Sejumlah bank yang dipanggil oleh Otoritas Jasa Keuangan (OJK) adalah OCBC NISP, UOB, dan DBS. Deputi Komisioner Pengawas Perbankan III OJK Irwan Lubis menuturkan, dengan demikian, warga negara Indonesia yang akan mengikuti program pengampunan pajak tetap bisa bertransaksi.
”OJK meminta penjelasan tentang kebenaran informasi bahwa bank induk mereka di Singapura melaporkan warga negara Indonesia yang mau merepatriasi dana dalam rangka pengampunan pajak,” kata Irwan, Rabu (21/9), di Jakarta.
Laporan oleh perbankan Singapura diperlukan dalam rangka memenuhi standar Financial Action Task Force (FATF), lembaga yang dibentuk untuk mencegah pencucian uang antarnegara.

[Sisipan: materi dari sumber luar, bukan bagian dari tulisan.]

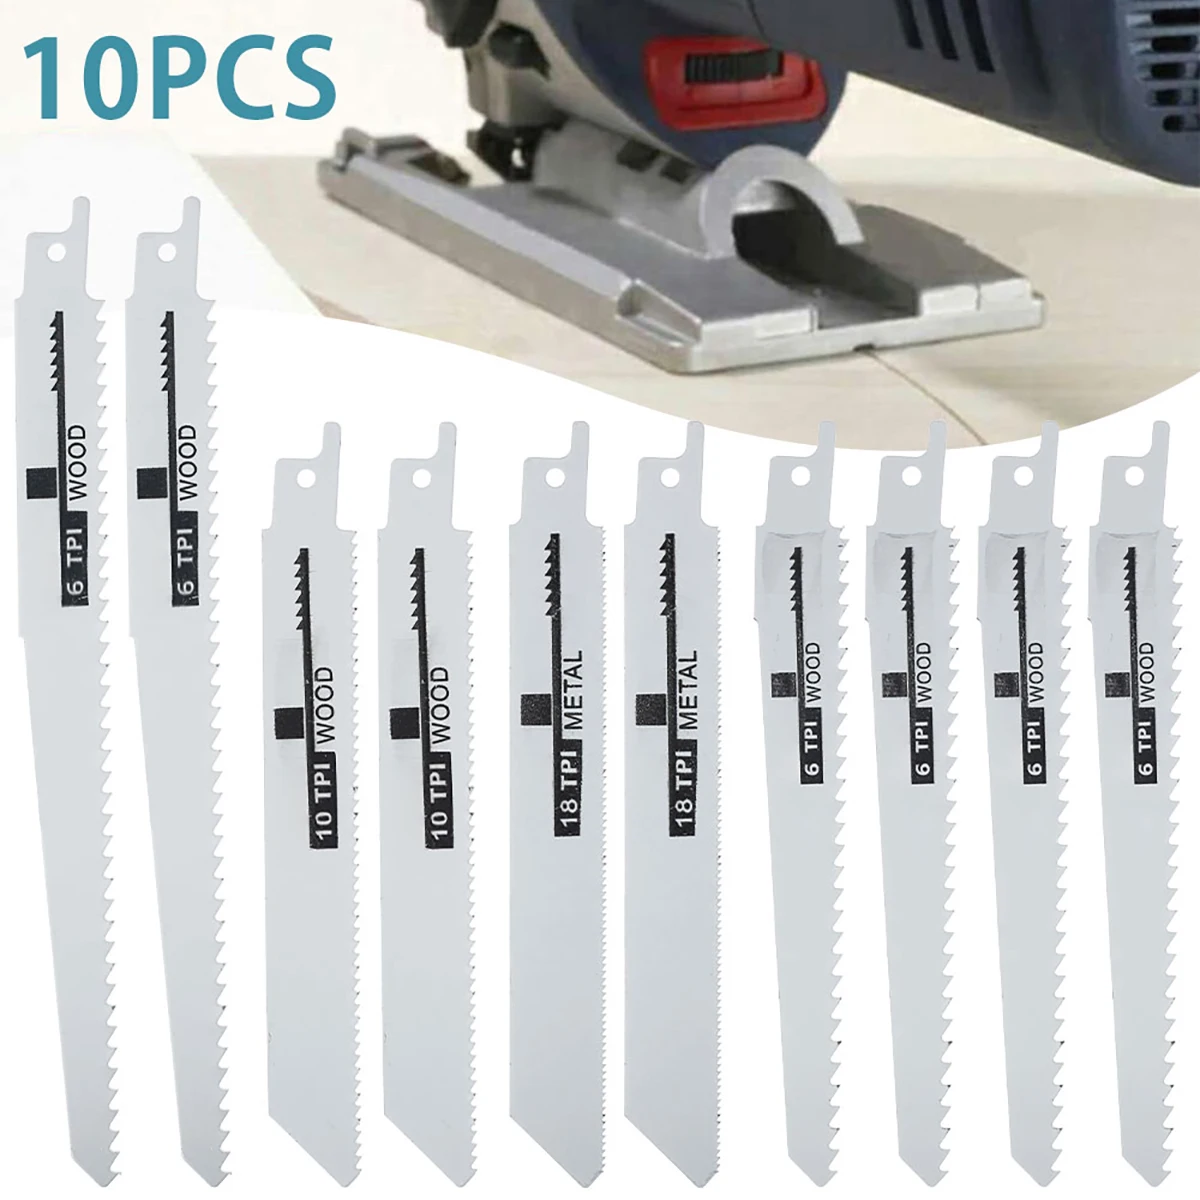 

10Pcs Reciprocating Saw Blades Saber Saw Handsaw Multi Saw Blade For Wood Metal Plastic Cutting For Bosch/Makita/Dewalt DIY Tool

Namun, laporan tersebut tidak ditindaklanjuti oleh kepolisian Singapura sehingga warga Indonesia dapat terus bertransaksi.
Informasi mengenai upaya-upaya Singapura itu menarik dicermati karena sekitar 50 persen dari total dana repatriasi pada program pengampunan pajak berasal dari Singapura. Hingga Rabu pukul 21.15, dana repatriasi mencapai Rp 71,3 triliun.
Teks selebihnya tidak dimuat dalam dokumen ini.